Software guru John McAfee, fighting deportation to Belize,
was rushed to a hospital in Guatemala shortly after his
asylum request was rejected, but a suspected heart attack
turned out to be stress in a fresh twist to the saga.
The 67-year-old U.S. computer software pioneer was taken
swiftly from a hospital in a police car out of the sight of
media, after earlier arriving in an ambulance lying on a
stretcher.
His lawyer said he was being taken back to an immigration
department cottage where he has been detained since crossing
illegally into Guatemala from neighboring Belize, where
police want to question him in connection with his neighbor's
murder.
"He never had a heart attack, nothing like that," said
Telesforo Guerra, a former attorney general who had earlier
said McAfee had two mild heart attacks.
"I'm not a doctor. I'm just telling you what the doctors told
me," he added. "He was suffering from stress, hypertension
and tachycardia (an abnormally fast heartbeat)."
McAfee was posting on his blog www.whoismcafee.com in the morning,
the time he suffered the stress attack.
"I don't think a heart attack prevents one from using one's
blog," Guerra had said at the time.
Guerra's assistant, Karla Paz, earlier said she found McAfee
lying on the ground and unable to move his body or speak.
McAfee was detained by Guatemalan police on Wednesday (local
time) for illegally sneaking across the border with his
20-year-old girlfriend to escape authorities in Belize. He
has said he fears authorities in Belize will kill him if he
returns.
Guatemala's foreign minister, Harold Caballeros, said earlier
McAfee's request for asylum was rejected.

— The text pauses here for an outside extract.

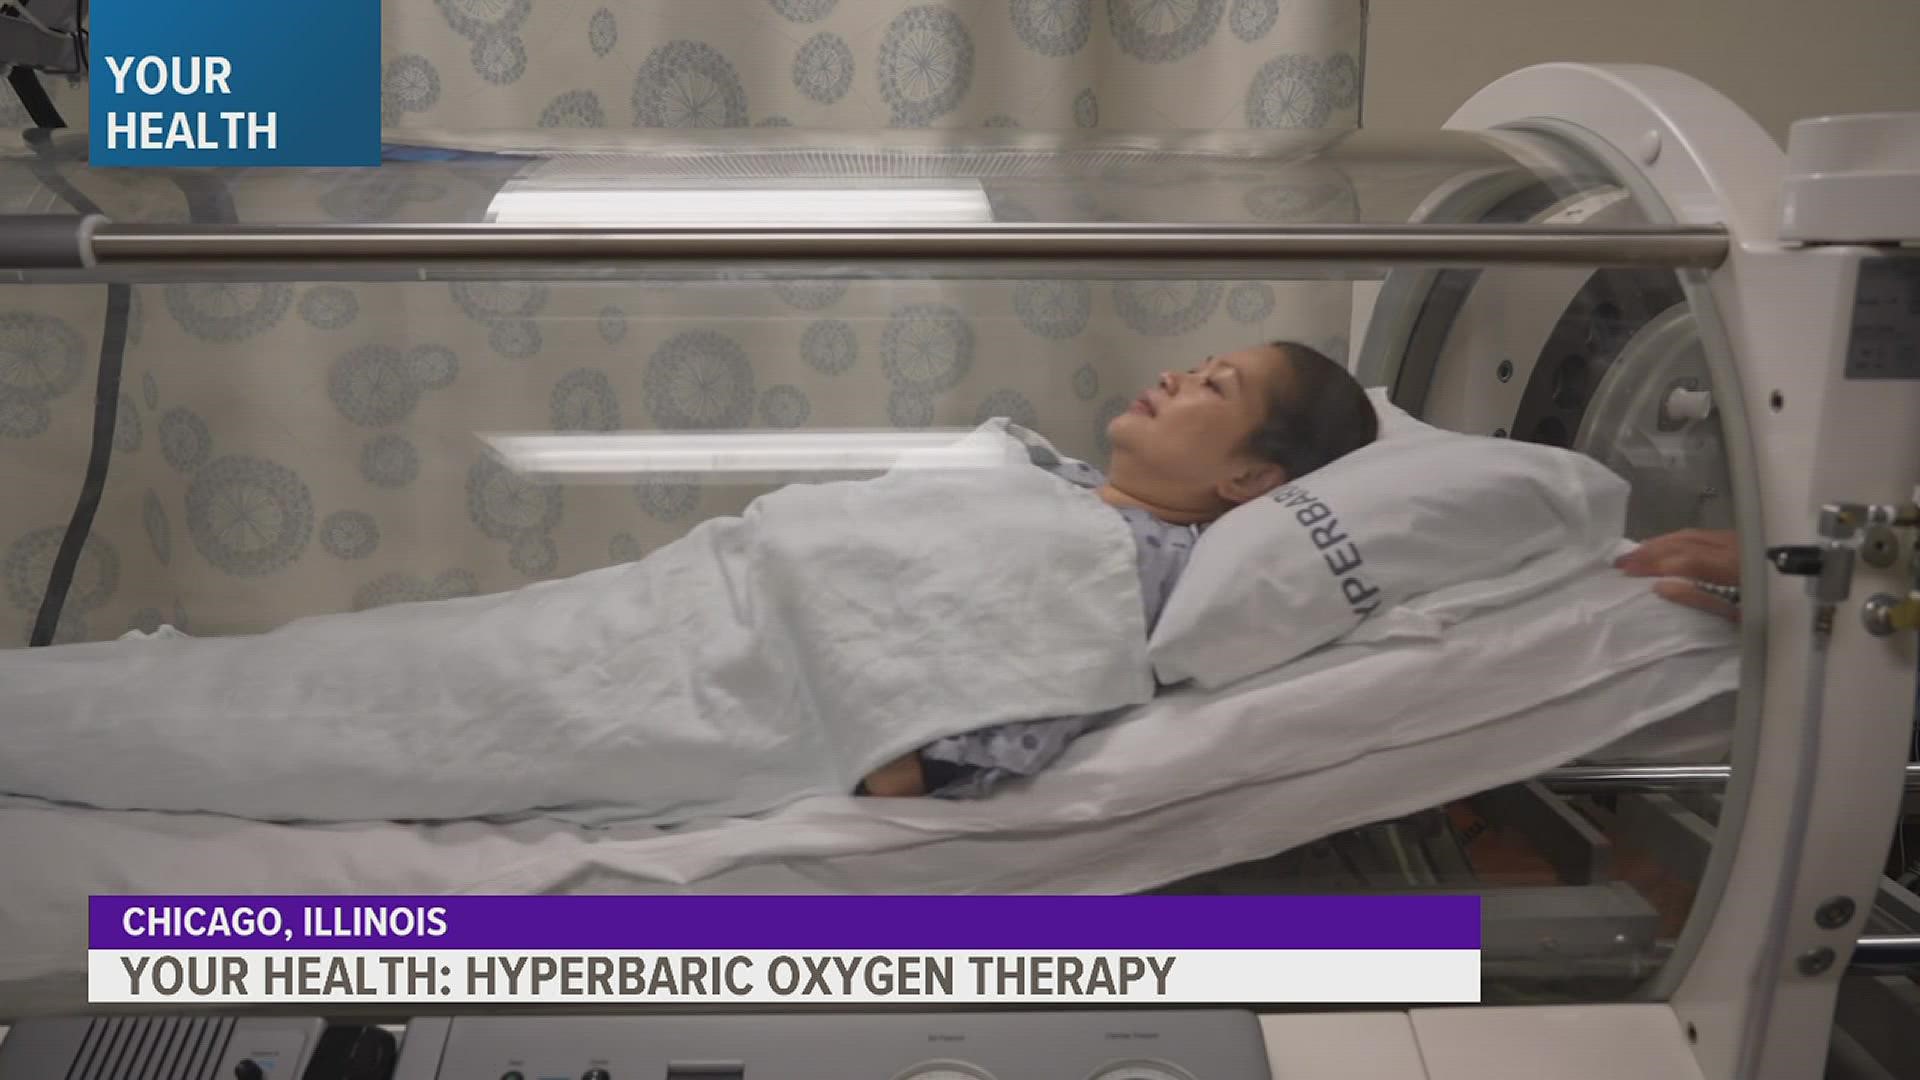 It's a painful, debilitating disease that impacts almost a million people, but now doctors are using hyperbaric oxygen therapy to treat it.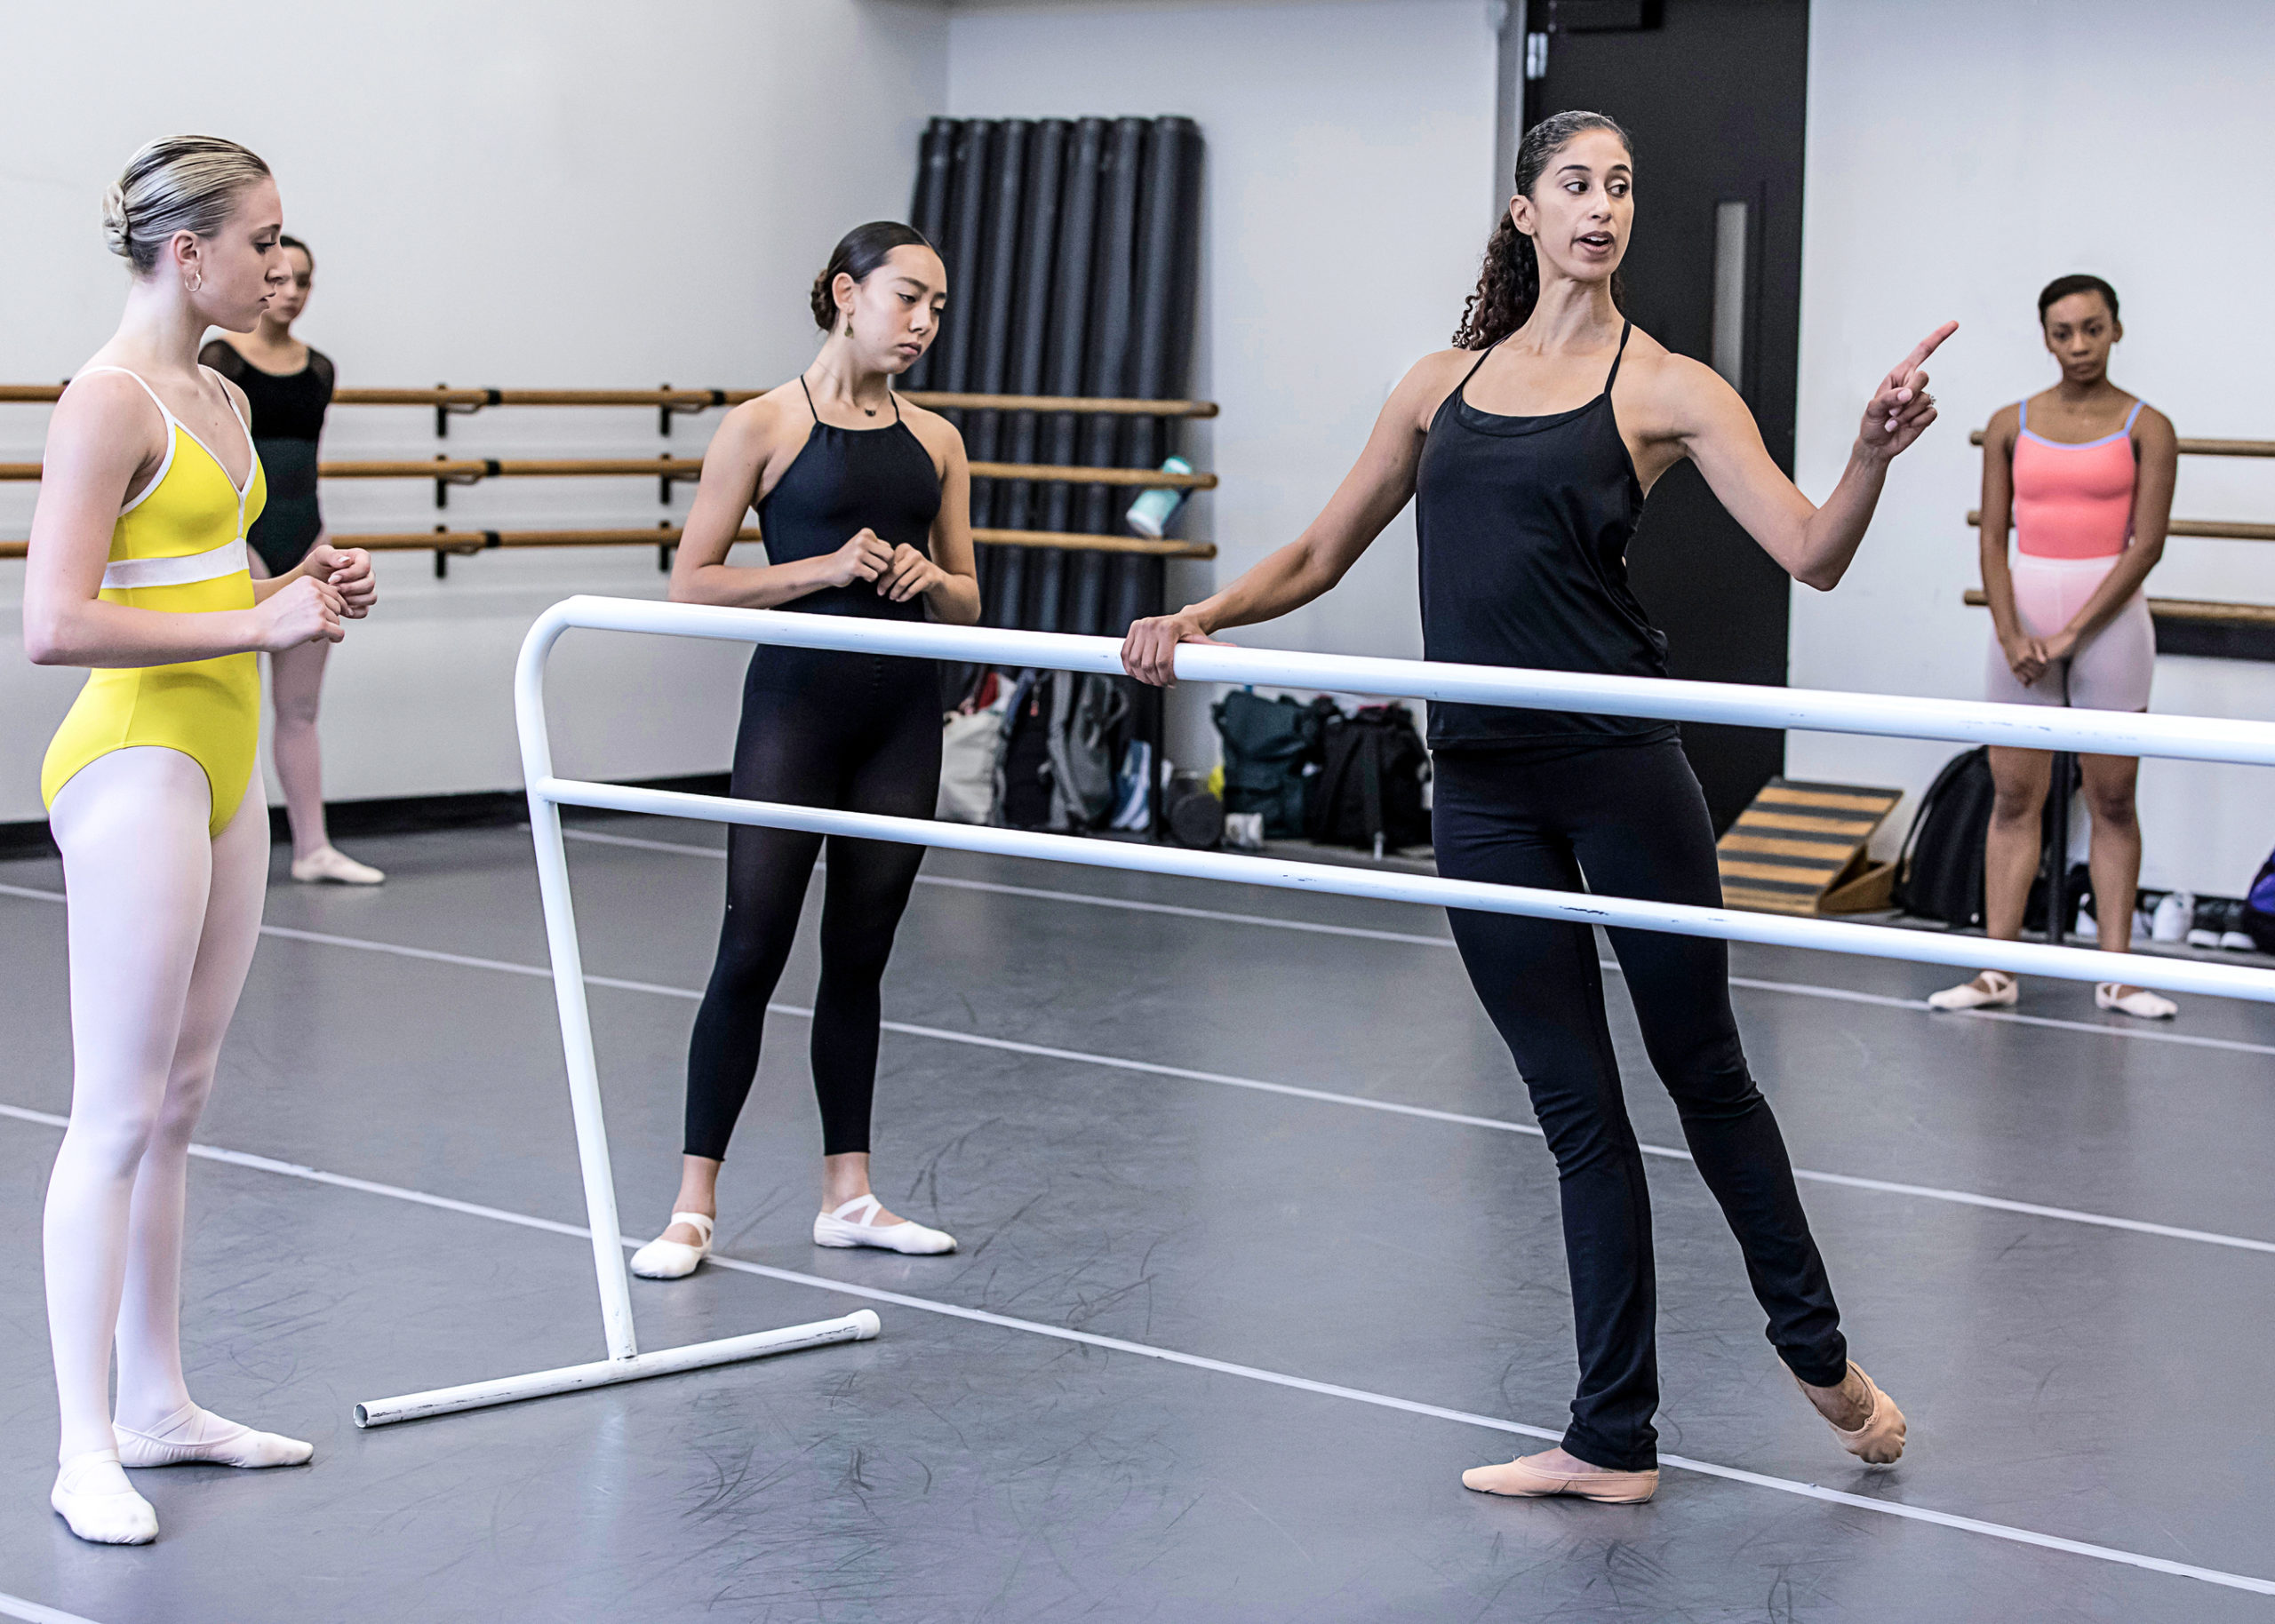 Alicia Graf Mack instructing a group of ballet students at the barre

Constitutional lawyer Gabriel Orellana, a former foreign
minister, said the government should have given more weight
to the asylum request rather than rush to a decision.
"We should take into account the fact that McAfee has not
been accused of any crime in Belize," he said.
QUARRELED WITH FELLOW AMERICAN
Police in Belize want to quiz McAfee as "a person of
interest" in the killing of a fellow American, Gregory Faull,
with whom he had quarreled. But they say he is not a prime
suspect in the probe.
McAfee says he has been persecuted by Belize's ruling party
because he refused to pay around $2 million he says it is
trying to hustle out of him, he said.
Belize's prime minister denies this and said McAfee, who made
millions from the Internet anti-virus software that bears his
name, was "bonkers." McAfee later lost much of his fortune
and turned to a life of semi-reclusion by the Belizean beach.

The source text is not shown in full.